Serious breach by the other party
Breach of contract by the other side is not necessarily a valid reason for non-performance.
Mere breach of warranty by the other party (see Section 3.2) is not a valid reason for non-performance. The claimant may recover damages, but he must still perform his own side of the bargain.
Even breach of condition by the other party does not automatically end the contract. It merely gives a claimant the right to end it, and refuse further performance by himself. If he does choose to exercise this right, then he must do so reasonably promptly (as with rescis-sion for misrepresentation – see Section 2.5). The right may therefore be lost very soon, particularly with perishable goods. The right may also be lost if the claimant has chosen to
‘affirm’ the contract, and go on with it knowing of the serious breach.

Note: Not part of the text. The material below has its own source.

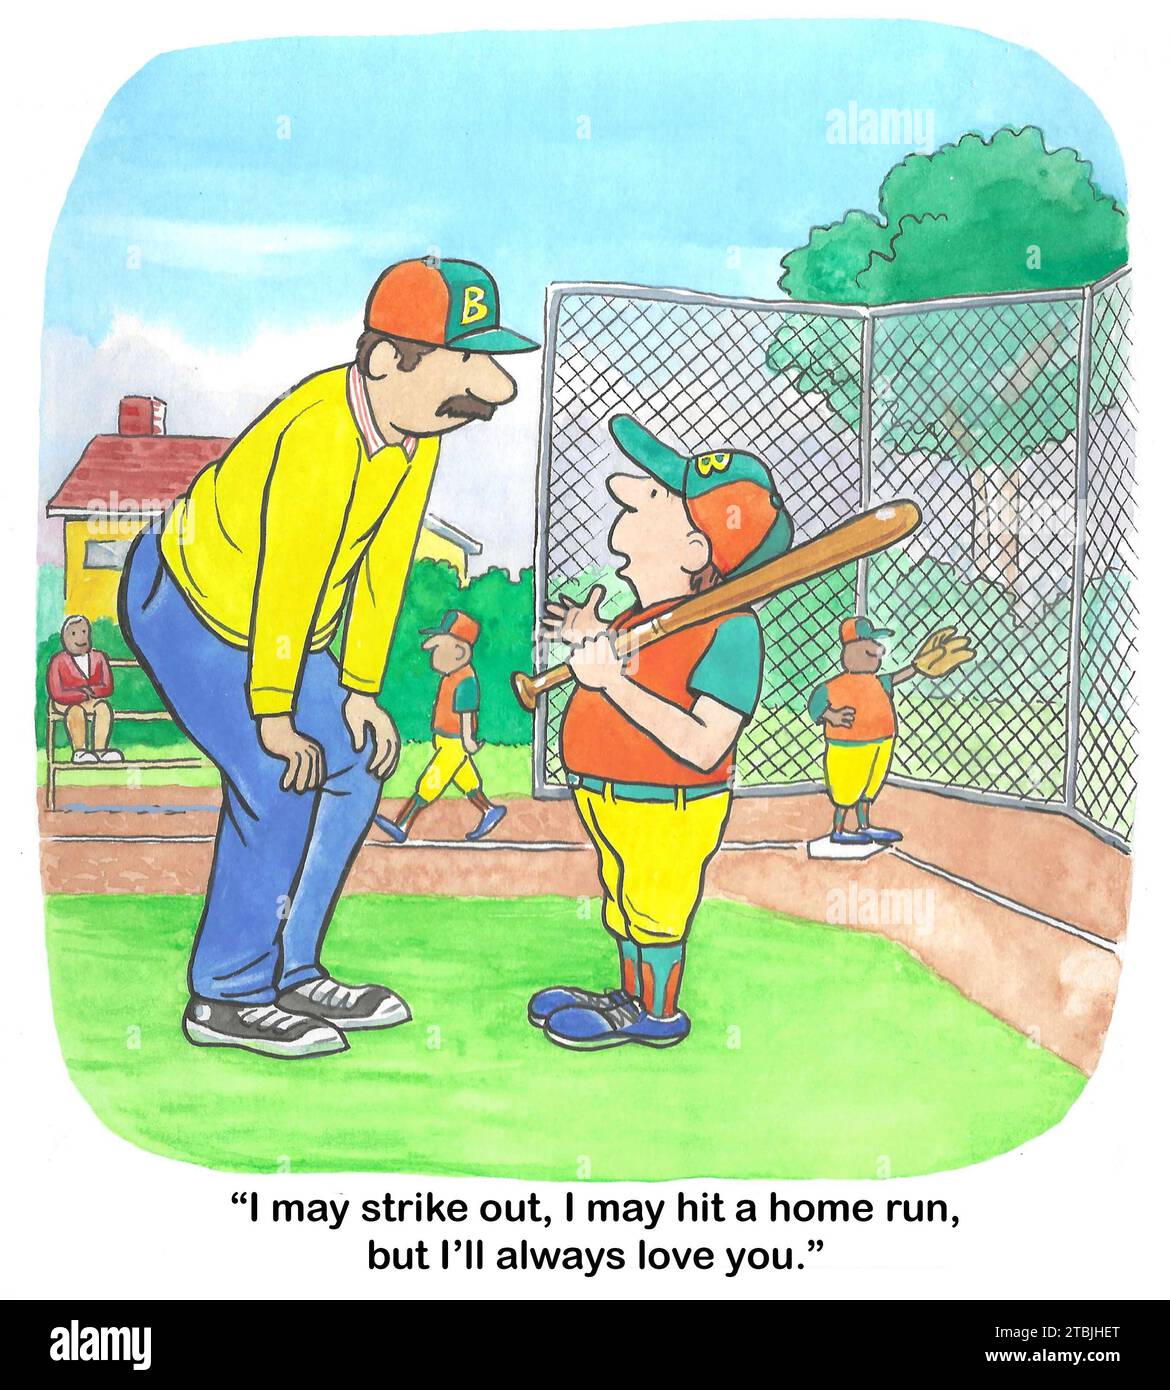 Caricatura de color de los papeles de la familia invertidos - el hijo le dice al padre "Siempre te amaré", incluso si no lo hago bien en softbol. Foto de stock

If a claimant exercises a right to end the contract, then this is a valid reason for no longer performing his own obligations. Otherwise, however, he must still perform his own side of the contract. The effects of breach are fully discussed in Chapter 4.
3.5 Summary
At the end of this chapter, students should make sure that they are familiar with the fol-lowing material:
● The normal terms of contract should be studied very carefully – in particular:
– conditions and warranties, and the differences between them;
– express terms and implied terms, particularly implied terms in contracts between a professional person and his client; at this point students should refer again to the situ-ations where a professional person can also be liable to a non-client.
● Exemption clauses are important, and students should make sure that they know about the attitude of the courts, and the effect of legislation such as the Unfair Contract Terms Act 1977.
● Discharge of a contract by performance and by agreement.
● Discharge by frustration.
● The results of breach of contract (briefly).